The Dollar We Don’t Use, and the Metal That Remembers

30 Oct 2025

A Australian man panning for Gold

Australia doesn’t trade in U.S. dollars, but our economy does. Every tonne of ore, every litre of fuel, every container at port is priced in green paper we don’t print. The Reserve Bank can move its cash rate, but the cost of money still drifts with decisions made in Washington. When the Federal Reserve tightens, our borrowing costs rise. When the dollar strengthens, our imports climb. The illusion of independence survives because we speak in AUD, but the system breathes in USD.

Australia’s Invisible Dollar Dependency

The dependency runs deeper than trade. The U.S. dollar underpins most global pricing: commodities, shipping, energy, derivatives, even online advertising. To leave its orbit would mean rebuilding global settlement systems—payments, collateral, clearing—from scratch. So we stay tethered, not by policy choice but by infrastructure.

For decades this arrangement looked stable. But as U.S. debt piles higher, and political gridlock becomes the norm, the rest of the world has started to hedge. Central banks have been quietly reducing their share of reserves held in U.S. dollars and increasing holdings of physical gold. Gold reserves now make up the largest share of official assets in thirty years. The shift is slow, but it’s consistent. It says: “we still use your system, but we’re keeping a backup.”

Gold’s Rise: A Barometer of Trust

In the last twelve months, gold priced in Australian dollars has moved past A$6,000 per troy ounce, a record high. That’s up more than 20 percent since mid-2023, and almost double its price five years ago. The U.S. spot price is also at a record, but the AUD weakness against the USD has amplified it further for Australian investors.

The move isn’t about jewellery demand or mining constraints—it’s about confidence. When inflation is sticky and public debt looks permanent, gold becomes the yardstick for disbelief. It’s not about yield; it’s about endurance.

Gold performs best when two things line up: falling trust in fiat money and falling opportunity cost. Real yields—the interest you earn after inflation—have turned negative in several major economies this year. That makes gold’s zero return suddenly competitive. Central banks understand that logic. China, India, and even some European institutions are adding tonnes to their reserves. The metal isn’t a bet on collapse; it’s a vote for optionality.

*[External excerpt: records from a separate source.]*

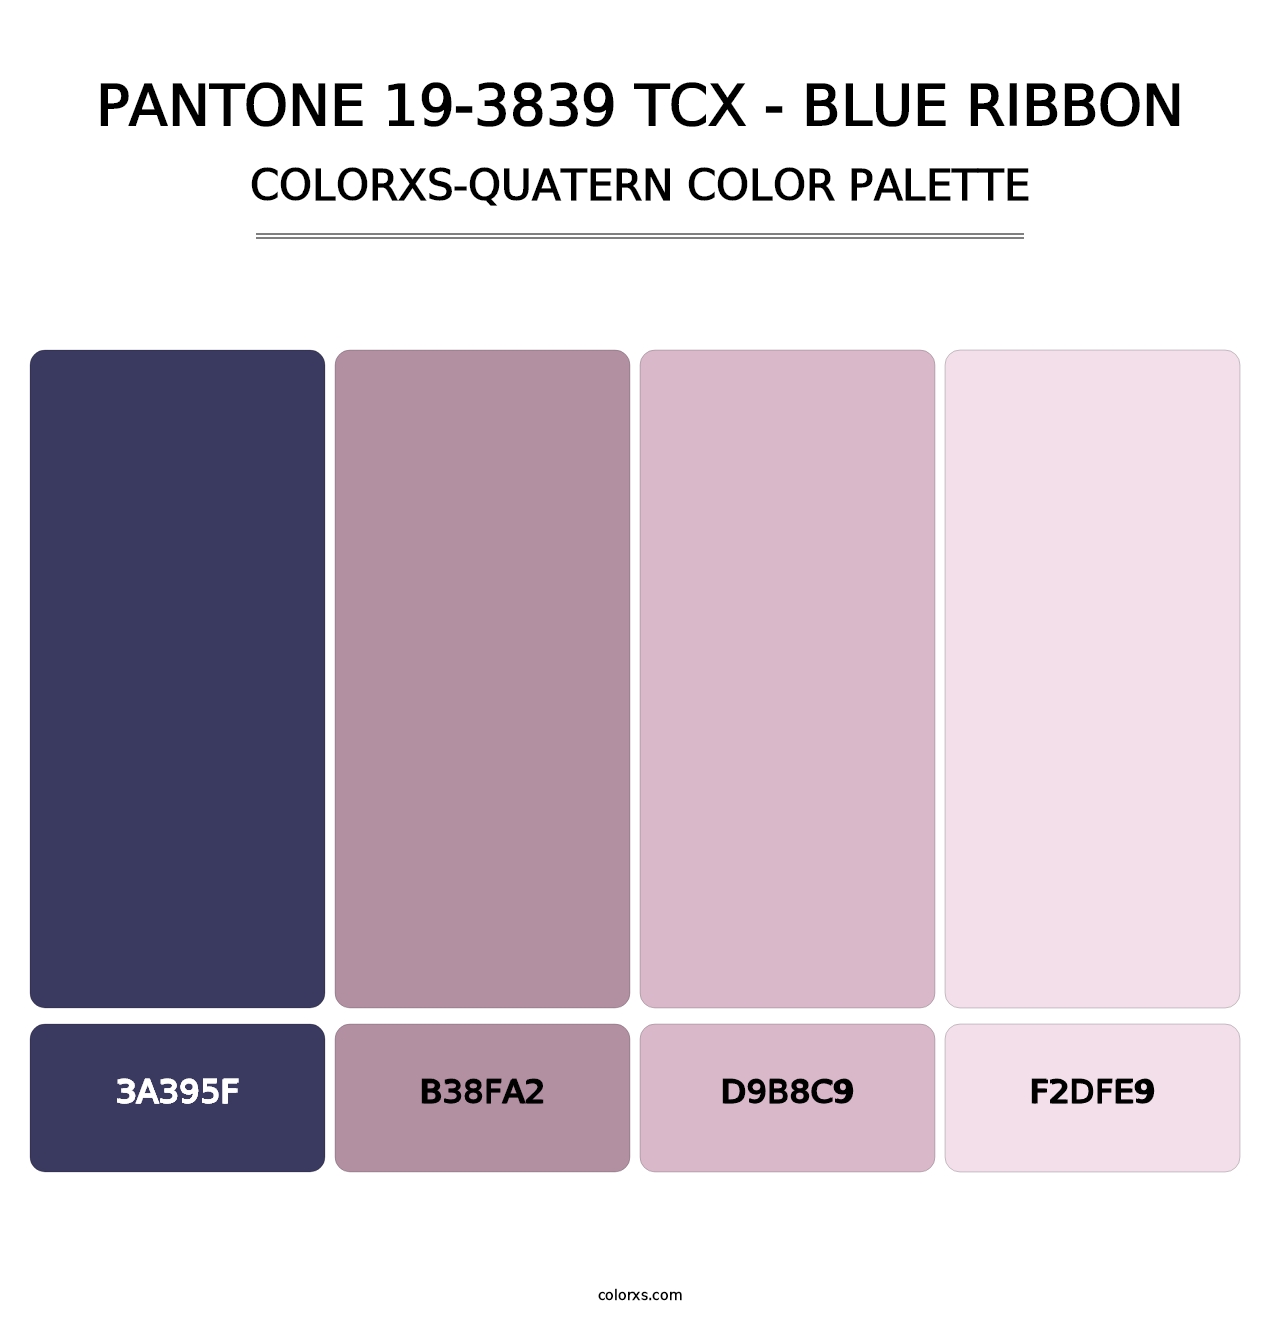 PANTONE 19-3839 TCX - Blue Ribbon - Colorxs Quatern Palette
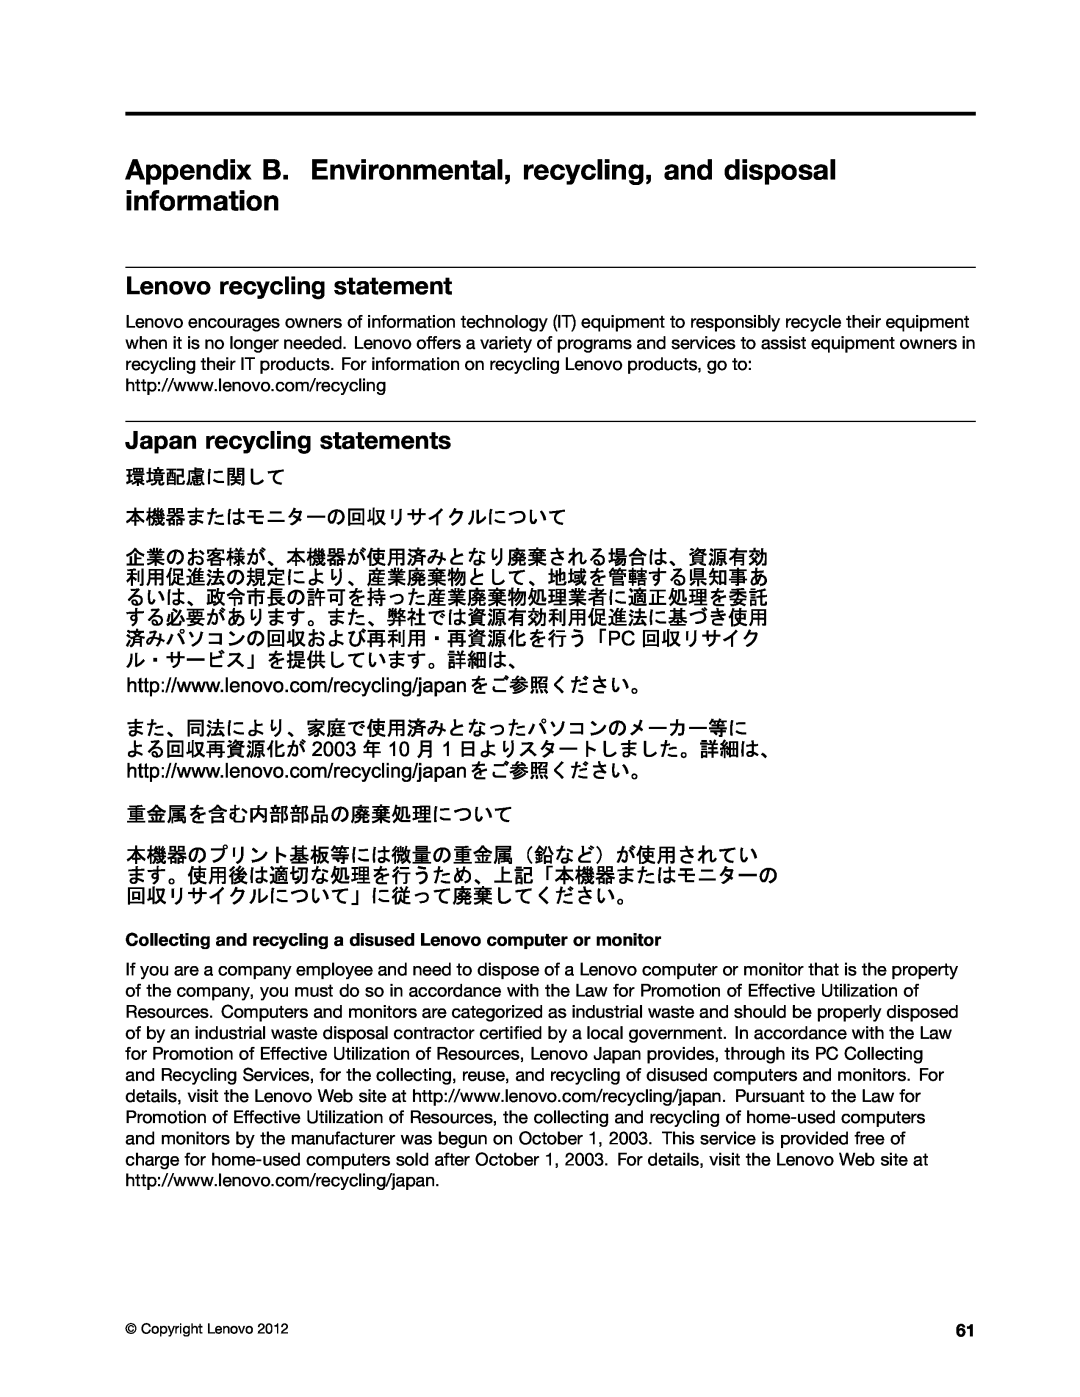 Lenovo 36795YU, 36822AU, 368229U Appendix B. Environmental, recycling, and disposal information, Lenovo recycling statement 
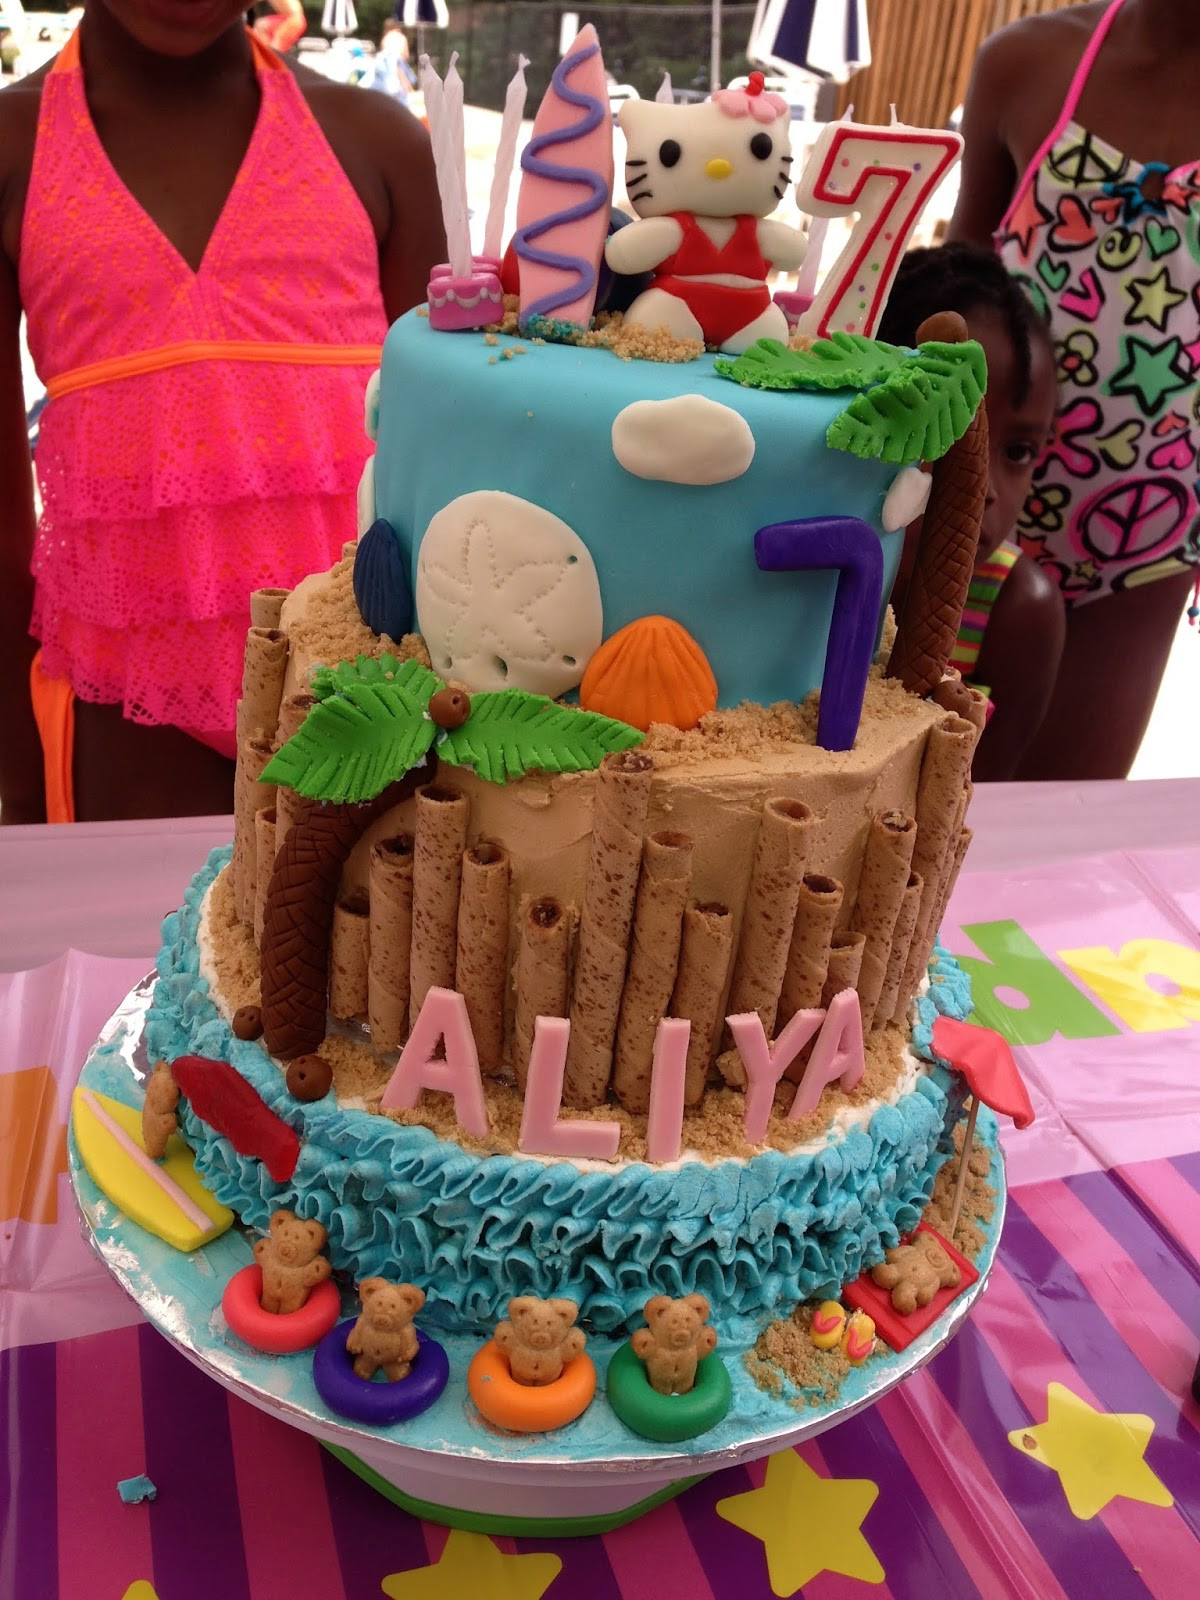 Best ideas about Hawaiian Birthday Cake
. Save or Pin Joyce Gourmet Hello Kitty Luau Birthday Cake Now.

For Australia, this dynamic cuts both ways. We are one of the world’s largest gold producers, so higher prices feed directly into export revenue. But we’re also a country that borrows, trades, and benchmarks in USD. When the global system shifts even slightly away from the dollar, volatility hits us faster than it helps us. Exporters earn more in AUD terms, but importers and households feel the drag through higher fuel, technology, and freight costs.

It’s a reminder that gold’s rise doesn’t isolate us—it exposes the fragility underneath our dollar peg to global sentiment. We benefit from the commodity story and suffer from the currency story, often at the same time.

Gold’s appeal is rarely emotional. It’s mathematical. It doesn’t default, it doesn’t dilute, and it doesn’t rely on anyone’s policy credibility. When trust in paper falls, the cost of trust—expressed in gold’s price—rises. That’s what we’re watching now.

If the USD remains the core of the global system, gold will keep shadowing it as a check on excess. If the world moves toward regional settlement systems—China-Asia trade in yuan, Gulf energy in dual pricing—gold will anchor those experiments. Either way, its role grows when confidence wavers.

Australia sits awkwardly in between: a resource-rich nation that digs up the hedge while still depending on the system it hedges against. Understanding that paradox isn’t cynicism—it’s basic accounting. The balance sheet of the world is shifting. And for a country priced in someone else’s currency, it pays to notice what the rest of the world is starting to count again.